Jennifer Siegal, founder
of the Los Angeles-based firm Office of Mobile Design (OMD), has chosen as her
preferred design medium manufactured housing. Beginning with
single-family homes, she designed and installed her own prefabricated
storefront office in Venice California, demonstrating her commitment to the
form. This spring the Prefab was deployed to its newest location, the desert of
Joshua Tree, exemplifying the underlying principle in Siegal’s work, mobility.

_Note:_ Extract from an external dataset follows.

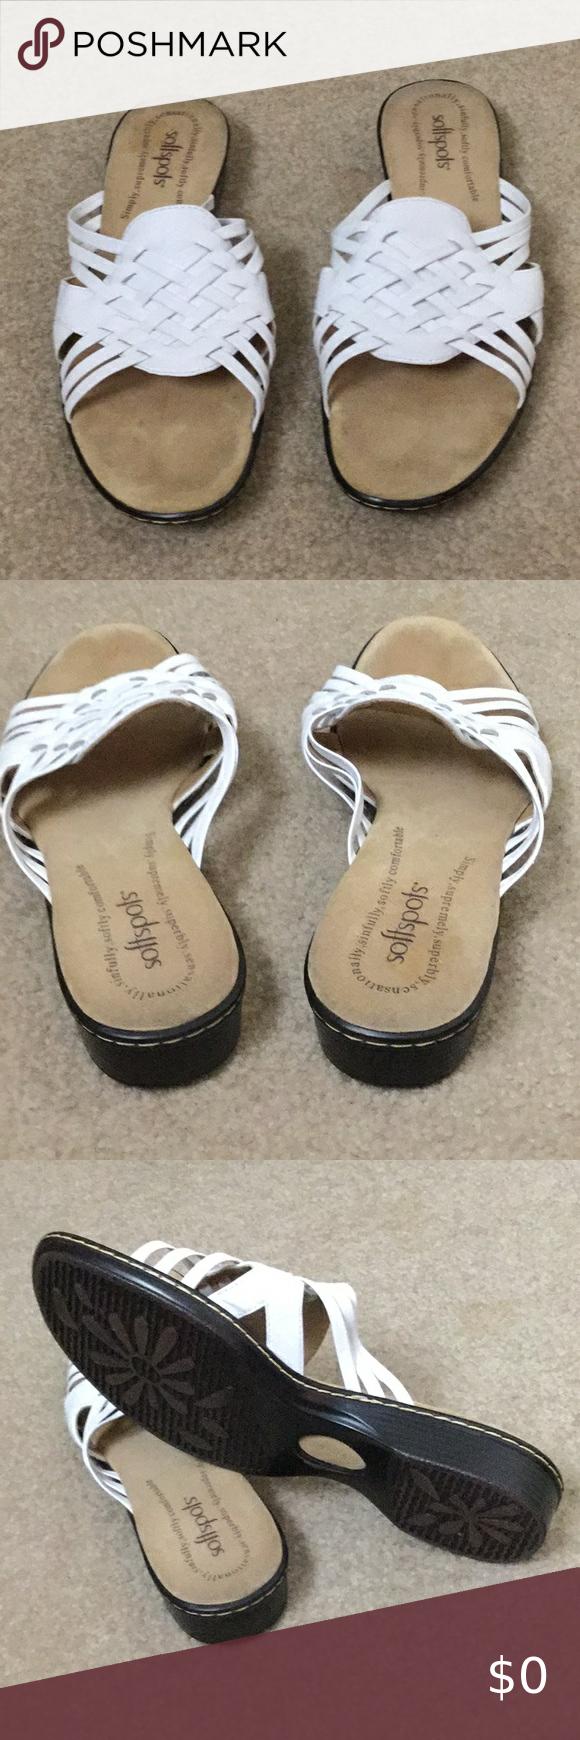 Soft Spots women's white sandals. 8.5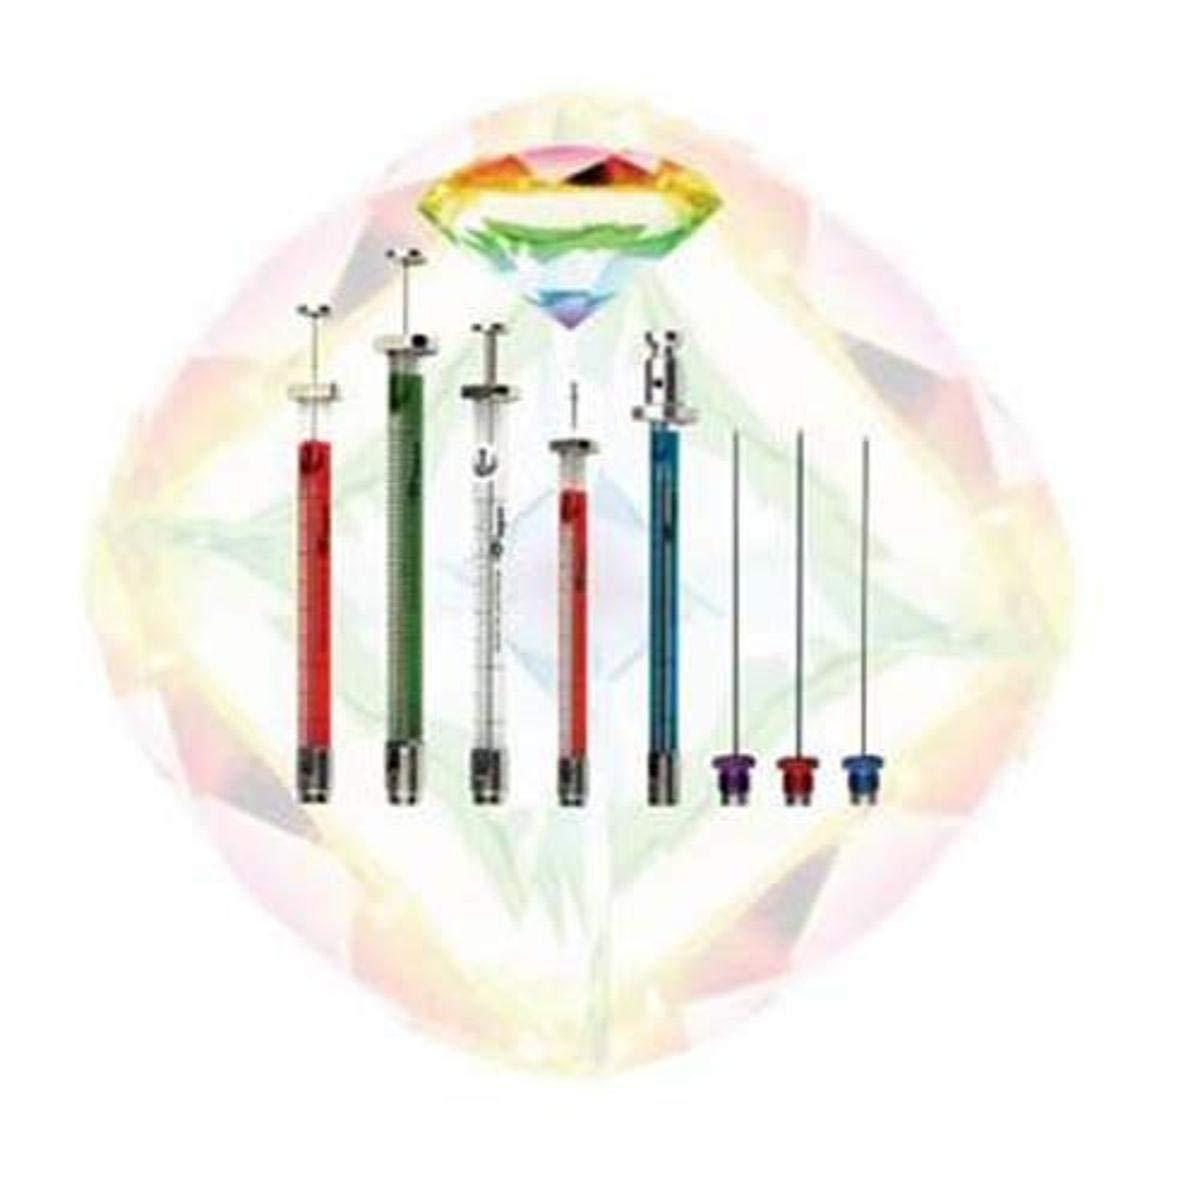 Trajan Manufacturer regenerated product Scientific 004750 Diamond MS Philadelphia Mall 50 Manual Syringe µL

She is also recasting that late-20th century icon of public indifference to
quality education, the portable classroom, in a positive light using inventive
site strategies to create campus-like quadrangles of smartly designed
prefabricated buildings. Drawing on her fascination with new
materials, Siegal is constantly experimenting with new ways of making her units
sustainable--"for me, the future lies in stronger, lighter, smarter
materials." In each case, the logics of industrial
construction—convenience to appropriate workforces, quality control, the
efficient use of materials—combine with the logic of minimal site impact to
create more sustainable and surprisingly rich architectural projects. Most
recently she worked with students at Taliesin West to design and build the
award-winning Mod.Fab a prefabricated off-the-grid home located on the desert
terrain.
Jennifer Siegal holds a
Master's of Architecture from SCI-Arc, was a Loeb Fellow at Harvard University,
and was the inaugural Julius Schulman Institute Fellow at Woodbury University
in CA. She is the author of Mobile: the Art of Portable Architecture, More
Mobile: Portable Architecture for Today, and was the founding editor of
Materials Monthly. A monograph on Jennifer Siegal was published in 2005. The
winner of the inaugural 2009 USA Network “Character Approved Award” she is
celebrated as “leading innovators shaping American culture”.